4.Construction of a global health talent training evaluation index system based on bibliometric analysis
Xiaoqing TAO ; Xuejiao MA ; Siwei FEI ; Lei DUAN ; Shan LÜ ; Jiani WU
Chinese Journal of Schistosomiasis Control 2024;36(2):191-197
Objective To identify the current research hotspots of global health training, and construct a global health talent training evaluation index system. Methods Publications pertaining to global health talent training evaluation were retrieved in China National Knowledge Infrastructure, Wanfang Database, and Web of Science Core Collection from 2003 to 2022, and keywords were extracted from eligible publications for co-occurrence and cluster analyses using the CiteSpace software. Based on keywords clustering results, a global health talent training evaluation index system was constructed using a context, input, process, and product (CIPP) evaluation model as a theoretical framework. Results A total of 692 Chinese publications and 1 264 English publications were included.
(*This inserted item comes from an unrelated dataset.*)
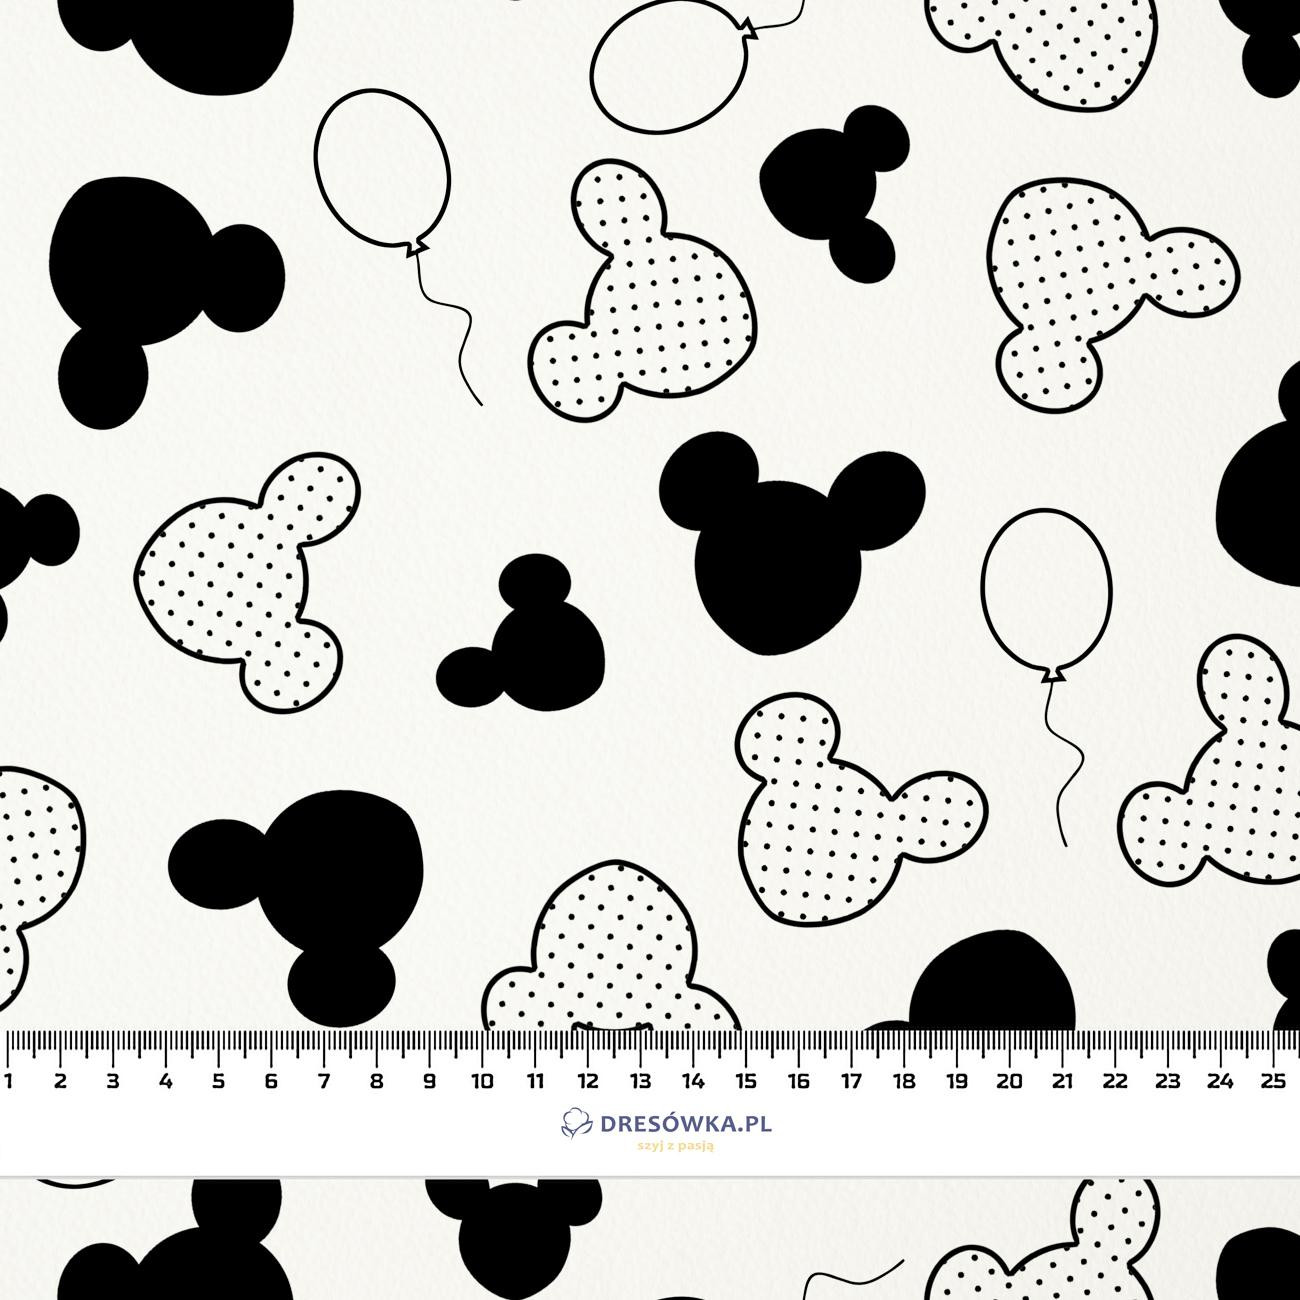 MOUSE PAT. 10 - quick-drying woven fabric

Keyword co-occurrence and cluster analyses yielded 10 Chinese and 10 English keyword clusters, and the 10 Chinese keyword clusters included analytic hierarchy process, health diplomacy, personnel structure, crossdiscipline, educational assessment, global health discipline development, training needs, curriculum program, quality evaluation and logistics support, while the English keyword clusters included evidence-based practice, capacity building, global health, quality of life, machine learning, leadership, sub-Saharan Africa, health equity, global health security and global health diplomacy. Based on keyword clustering, a global health talent training evaluation index system was constructed with CIPP as the theoretical framework, which contained 4 primary indicators, 15 secondary indicators and 59 tertiary indicators, and the primary indicators included 4 dimensions of context evaluation, input evaluation, process evaluation and product evaluation. Conclusions A global health talent training evaluation index system has been constructed, which provides an effective evaluation tool and quantitative evidence for future global health talent training.